He sums up the modern history of the Labour Party as an increasingly abusive marriage between a salt-of-the-earth, working-class dad, with his lived experiences and solid values, and an educated middle-class mum, with her good intentions and upwardly mobile aspirations. Not only is this touchingly politically incorrect, it’s also slightly bonkers: the dad we are told represents Aristotle (common good, balance), the mum Plato (ideal types, purity), and it’s the mum (in the form of all those Oxford-educated public schoolboys from Tony Crosland to Tony Blair) who has been meting out the punishment in recent decades, leaving the dad a shadow of his former self. Still, you can see what he means.
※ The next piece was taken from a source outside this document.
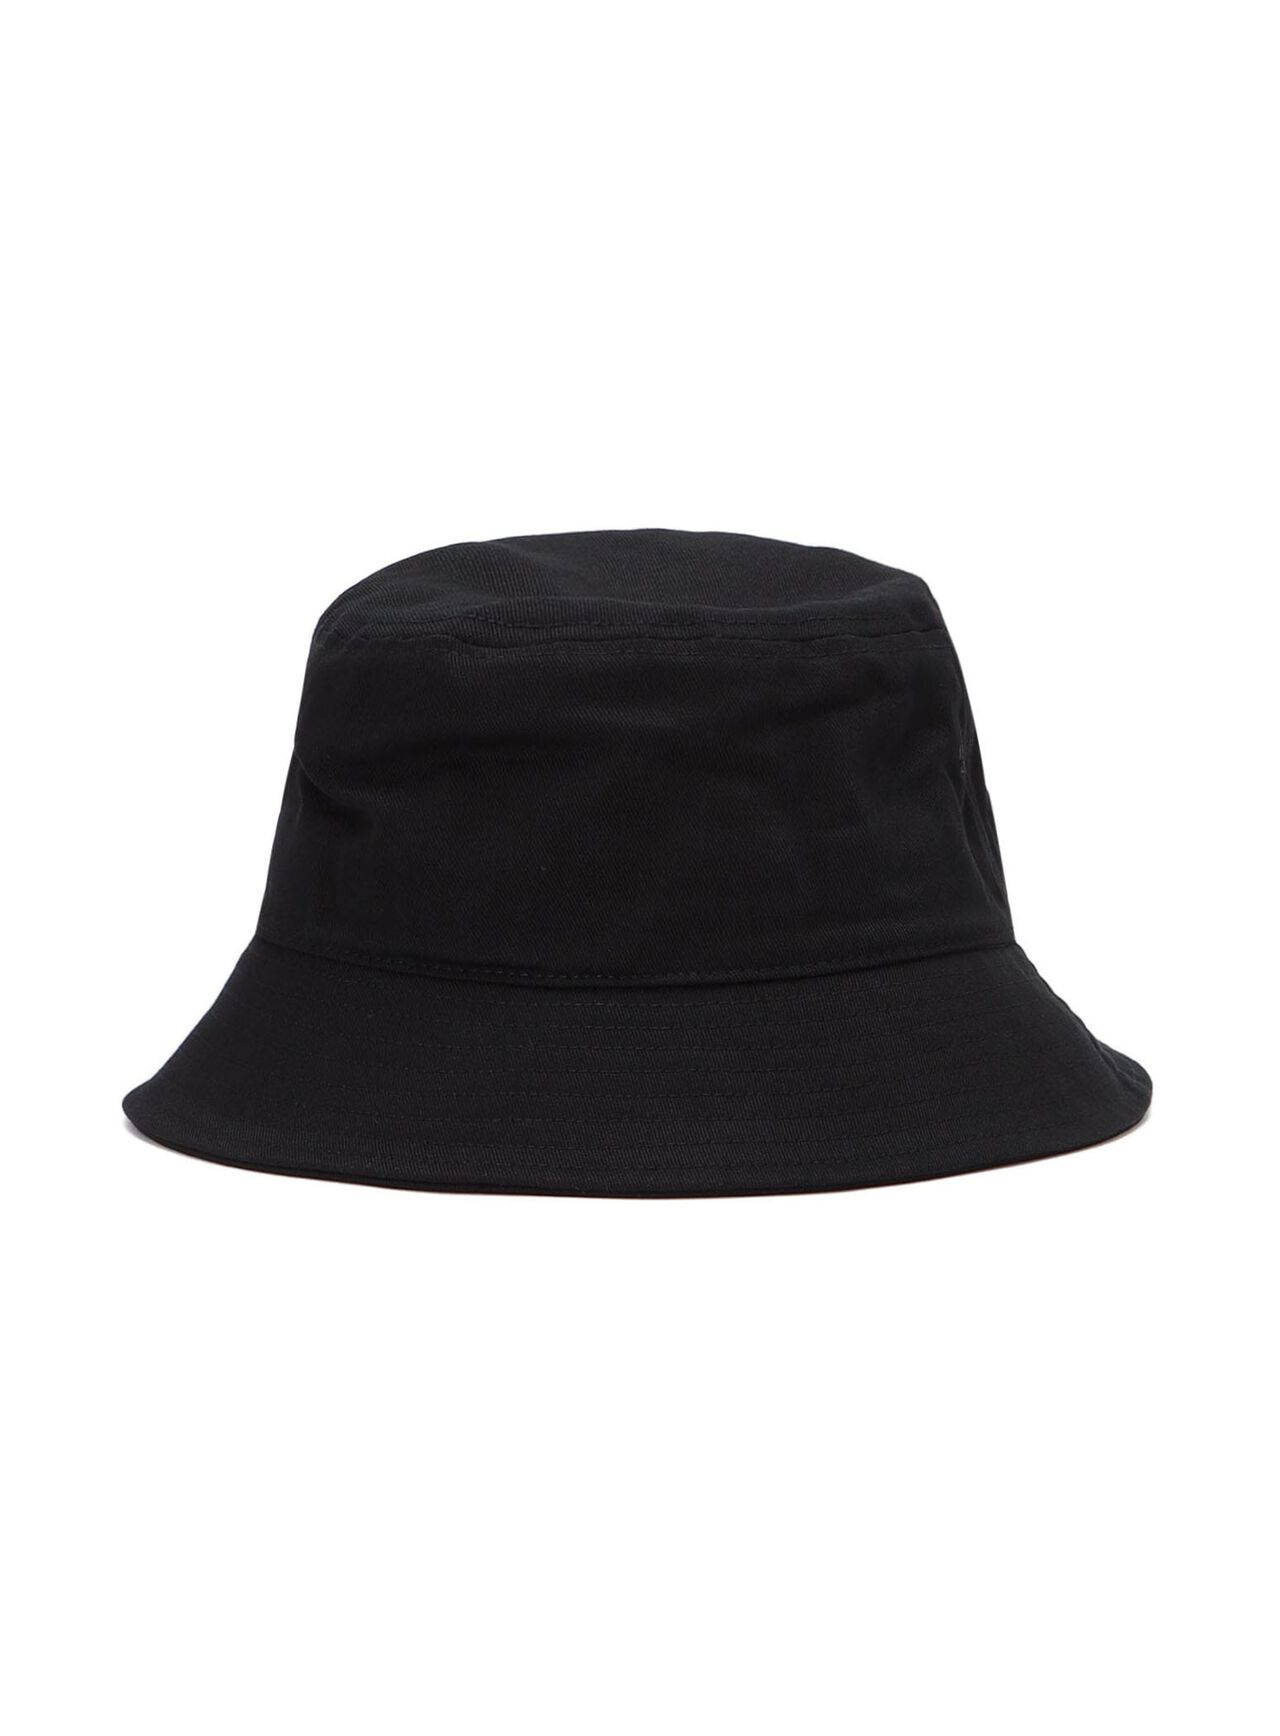 Embroidered Bucket Hat Dashi,ONE, large image number 2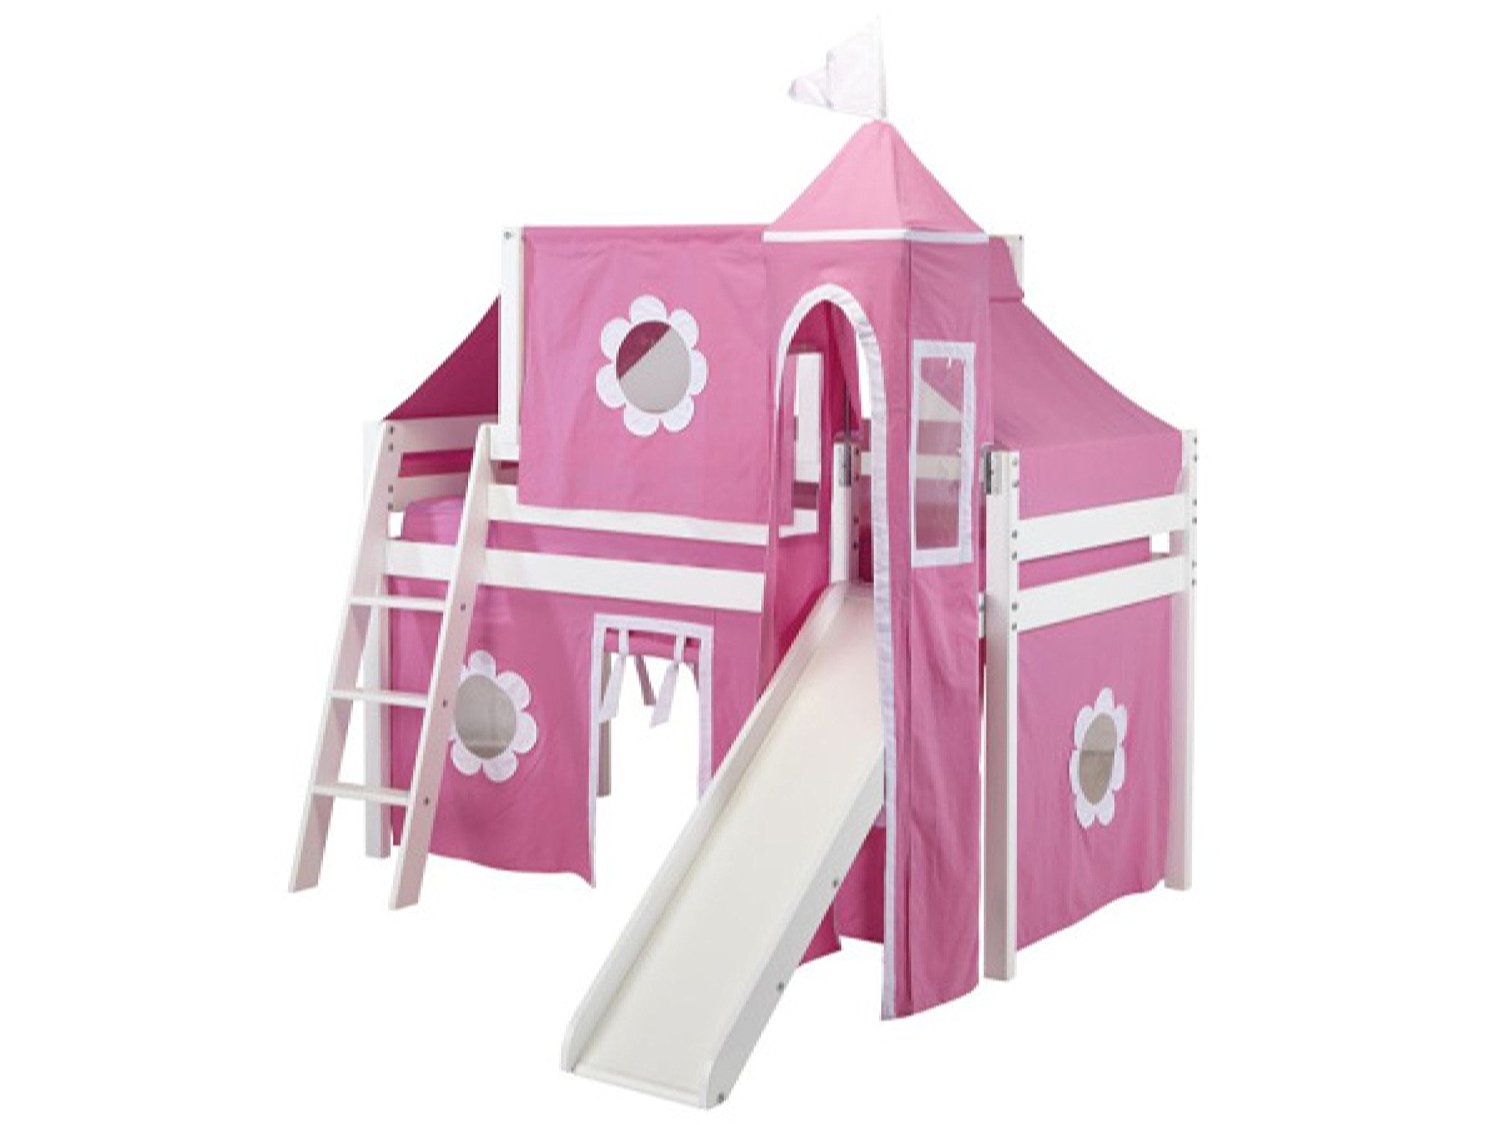 Jackpot Princess Low Loft White Bed with Slide, Pink and White Tent and Tower

The same is true of his most notorious flight of fancy: the idea that modern Britain needs to learn from what he calls ‘the Tudor commonwealth statecraft tradition’. Apparently the Tudors saw the realm as a hotchpotch of balanced and overlapping interests, inherently resistant to top-down reorganisation and needing to be nurtured through an Aristotelian conception of the common good. It’s not hard to quibble with the history (Henry VIII and his henchmen didn’t find the realm all that resistant to top-down reorganisation). But the phrase ‘Tudor statecraft’ stays in the mind long after the tired New Labour soundbites have been forgotten.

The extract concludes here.